После праздников лед пошел реже и вымотанные пьянкой коллеги-капитаны, решив, что на Двине образовался устойчивый свободный ото льда проход, затребовав в качестве лоцманов местных знатоков плесов и перекатов, мелей и каменистых высыпок, двинулись гуртом к Усть Пинеге. Наш путь лежал дальше, в верховье реки, к Богом проклятым, утонувшим в грязи и болотах деревням куда на пузе, упираясь в ил побитыми лопастями винтов, могла проползти наша плоскодонная лохань.
     Лоцманом у нас была дама-здоровенная, закутанная в ватник кобыла в мужском треухе и кирзовых сапогах. Явившись на борт в Усть-Пинеге, прелестница потребовала  опохмелиться, причем уточнила: - "белого" вина душа не приемлет, белым вином мадам называла обычную водку, а вот, спирт "Питьевой" - был такой продукт на севере, по 5.12 за пузырь, дело наладит. и, то ли в силу избытка мужского к себе внимания в этих суровых краях, то ли в силу природной склонности, она с брезгливым безразличием отнеслась к петушиным наскокам расхорохорившегося капитана и одарила благосклонносьтью пышнотелую Валентину. Они поладили.
     Тем не менее, лоцманом она оказалась толковым и мы без приключений прибыли на место.
    
     Я выбрался из-под влажного тряпья постели, натянул непросохшую с вечера одежду-- баржу ночью не топили, сливали из батарей воду, чтобы не лопнули трубы, а днем разжигали углем маленький котел и ручным насосом Гарда наполняли отопительную систему...

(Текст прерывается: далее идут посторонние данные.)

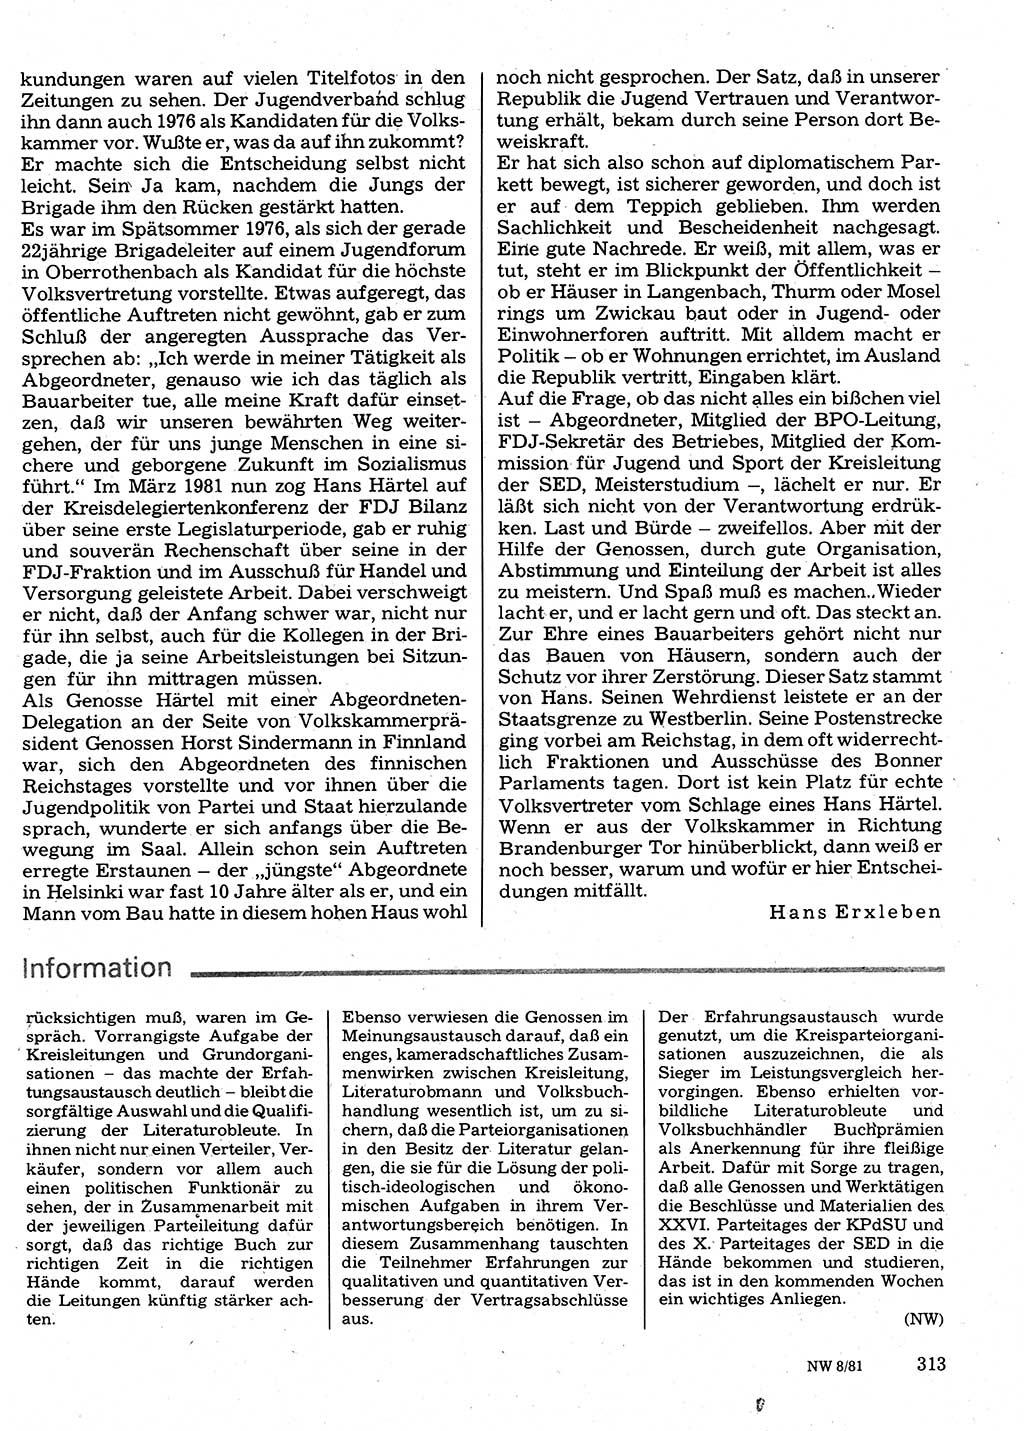 Neuer Weg (NW), Organ des Zentralkomitees (ZK) der SED (Sozialistische Einheitspartei Deutschlands) für Fragen des Parteilebens, 36. Jahrgang [Deutsche Demokratische Republik (DDR)] 1981, Seite 313 (NW ZK SED DDR 1981, S. 313)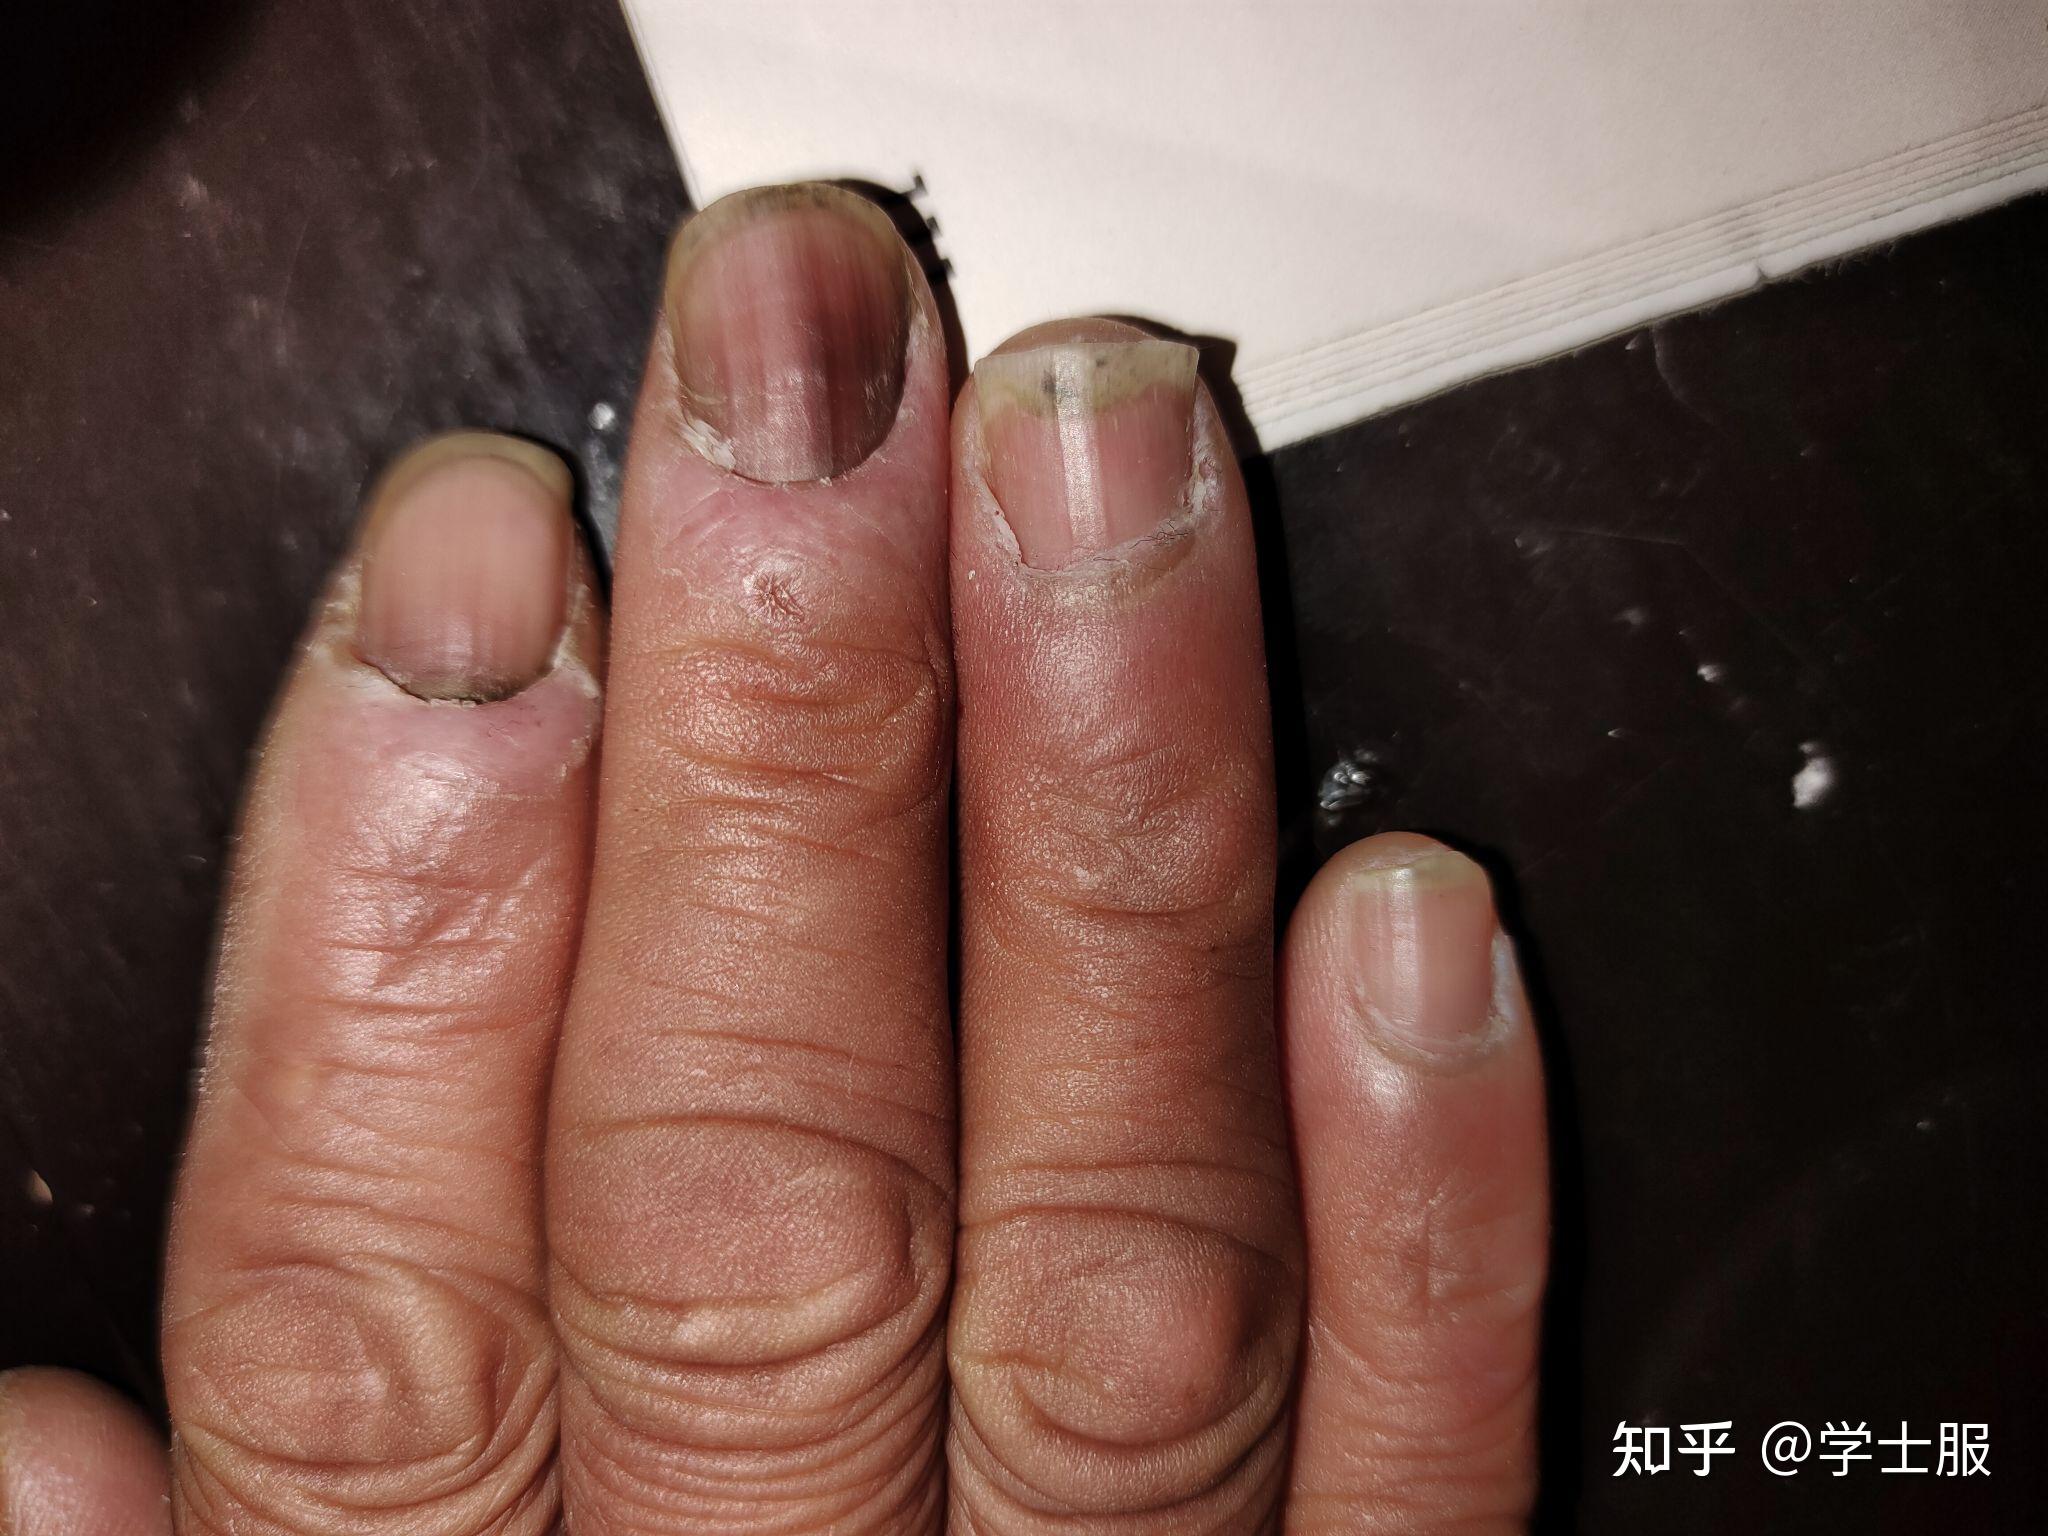 母亲最近手出现了问题,指甲变黑了,请问网友们这是灰指甲吗?

     Шел мокрый, холодный снег, хлопья падали на стылое железо  и медленно превращались в липкую грязь. Сквозь серо-фиолетовое марево с трудом,  как пацан через колючки шиповника продирался унылый свет промозглого дня...
     Из деревни пришли три мужика — плотники и соединили палубу баржи с причалом шаткой, прогибающейся под ногами сходней.

     Боль.
     Они пришли...Стайка  в 18 -20 подрагивающих от ледяного ветра, существ.  Взрослые мужчины. В тряпье и лохмотьях, босые. Столпились перед мостками, молча рассматривая баржу, не решаясь ступить на палубу, заглядывая, вытянув шеи в трюм. Были и плюгавые, изуродованные горбом и настоящие гиганты под два мера, лысые и обросшие, плоскогрудые, дюжие и тщедушные…Печать безмятежного, ничем не потревоженного спокойствия отражалась на заросших щетиной лицах, печать безмятежного и безропотного созерцания внутреннего своего мира, постичь смысл которого нам, к счастью, не дано, наглухо закрытого даренным нам свыше талантом понимать…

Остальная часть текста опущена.